Читаем Доктор Гааз полностью

– Мнение мое таково: Татьяна в краже невиновна, а только оказалась неумышленной пособницей, и незачем отсылать ее в часть; Ефрема же надобно немедля удалить из больницы; деньги за пропавший салоп взыскать с виноватых и на том прекратить дело.

Доктор Гааз, довольный тем, что дело разрешилось таким образом, тут же спросил собравшихся, согласны ли с моим мнением. Все согласились, только фельдшер Антон Мартынович гнул свое:

– Ясное дело, Ефрем украл салоп, а Татьяна вынесла. А вы, Фёдор Петрович, потому не желаете довести дело до полиции, что вам самому придется отвечать, зачем не объявили прежние кражи Ефрема.

– И вы так считаете? – спросил Фёдор Петрович остальных. Никто не ответил. Доктора Владимиров и Собакинский об чем-то тихо переговаривались, эконом Иван Михайлович смотрел в окно, кастелянша Каролина Ивановна вздыхала. – Тогда наказываю вас всех штрафом по тридцать копеек за уклончивое мнение, с себя взыскиваю два рубля шестьдесят копеек – третью часть того, что стоит украденный салоп, ибо, как главный врач сей больницы, делю ответственность за все неблагополучие. Дело же сие оставляю без донесения в полицию из уважения к преставившейся доброй сиделке Марье Руфовне – она любила Татьяну и заботилась об ее исправлении. Посмотрите в окно: вот несут в часовню покойницу, и одна Татьяна идет за ней, а мы сидим здесь, бездушные законники, забыв, что все доброе завершается миром, а без мира нет ни благоденствия, ни спасения человеку. Отказываясь от примирения, мы отталкиваем от себя милосердие Бога, Который дарует нам прощение наших грехов при том лишь условии, чтоб и мы прощали обижающих нас. А мне совестнее вдвойне, ибо, будучи старше вас и званием, и летами, я сам подал пример непримирения.

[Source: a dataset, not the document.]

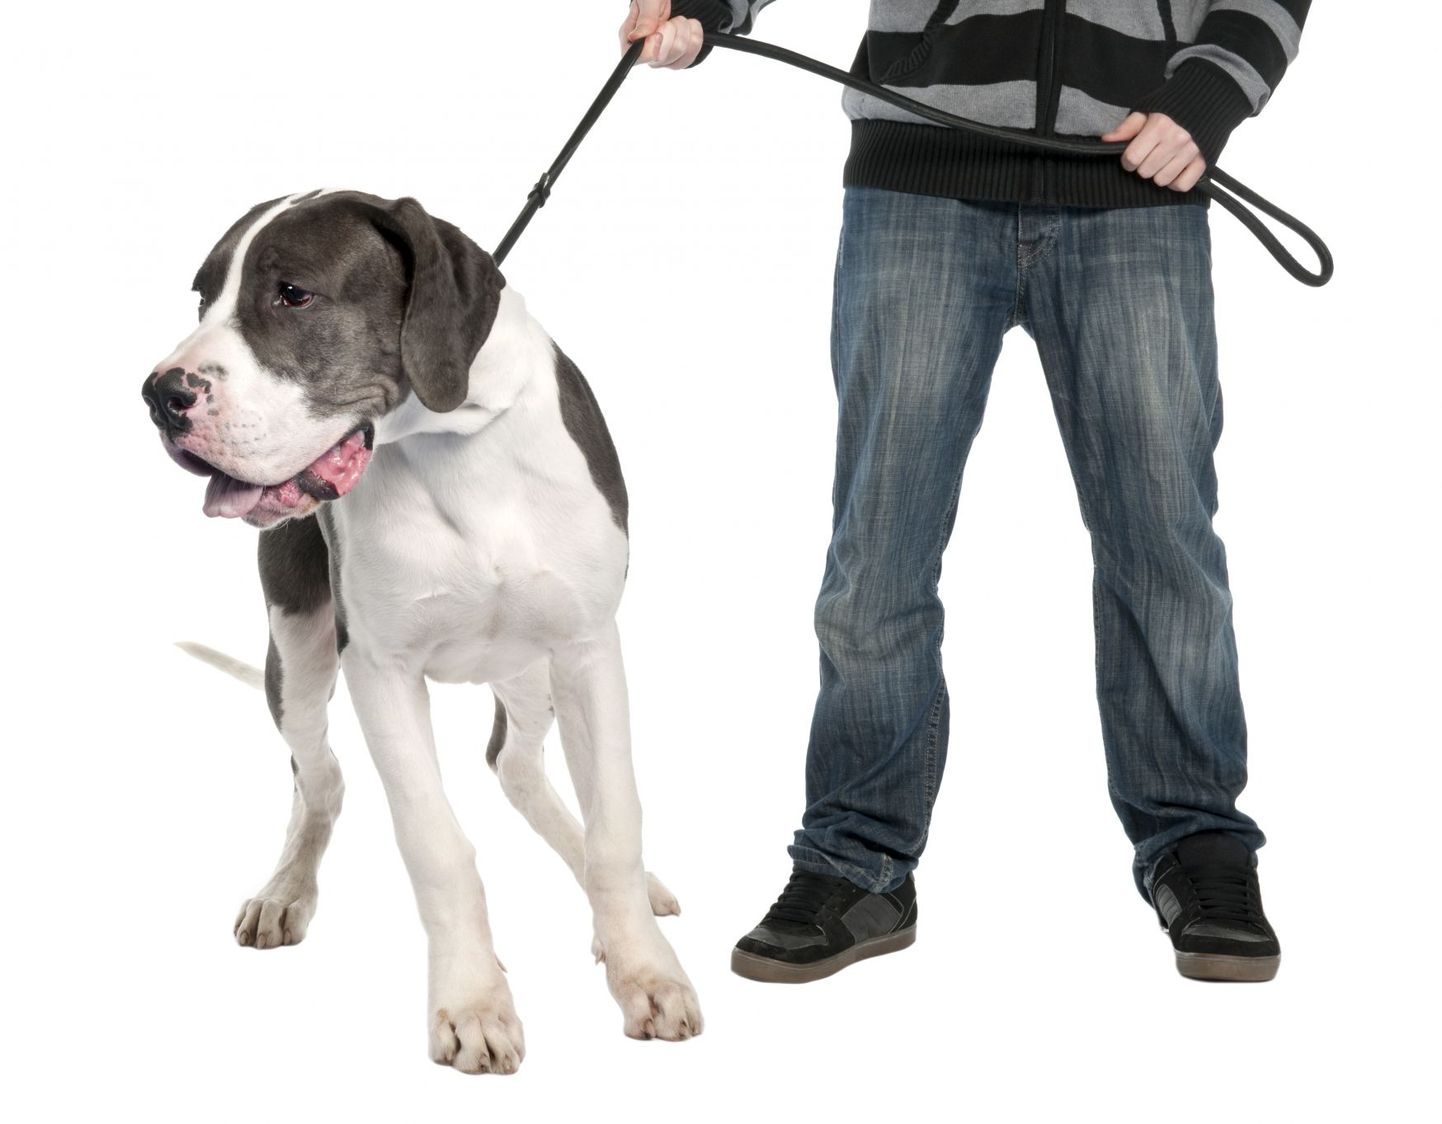 Tööandjad on näinud ka seda, kui mõni inimene tuleb oma koeraga tööintervjuule. Pilt on illustratiivne.

Провожая меня по коридору, Гааз шел, низко опустив голову, словно дремал на ходу. Вдруг остановился под лампой и крепко сжал мне руку:

– Спасибо, голубчик! Я третьего дня получил письмо из Таганрога: там местный эшафот пришел в негодность, а понадобилось наказать двух арестантов. Призвали плотников, но никто не согласился чинить сие лобное место: «Станем мы поганить топоры об срамное дело». Как я хотел бы, чтоб слова сии дошли до генерал-губернатора, до графа Дмитрия Николаевича Блудова, – ведь он высказал соображения против присяжного суда, объяснив таким резоном, что в русском народе до того неразвиты понятия о праве, обязанностях и законе, что преступники у нас признаются несчастными. Я же почитаю сие не отсталостью развития, а глубоким нравственным достоинством. Вы русский, Арсений Ильич, и должны почитать сие звание за честь. В российском народе есть пред всеми другими качествами блистательная добродетель милосердия, готовность и привычка с радостью помогать в изобилии ближнему во всем, в чем он нуждается. Вот почему я верю, что Россия никогда не образуется до пределов европейских, чтобы палач, нажимающий рукой в белой перчатке пружину гильотины, был окружен почтением и сверх того печатал мемуары.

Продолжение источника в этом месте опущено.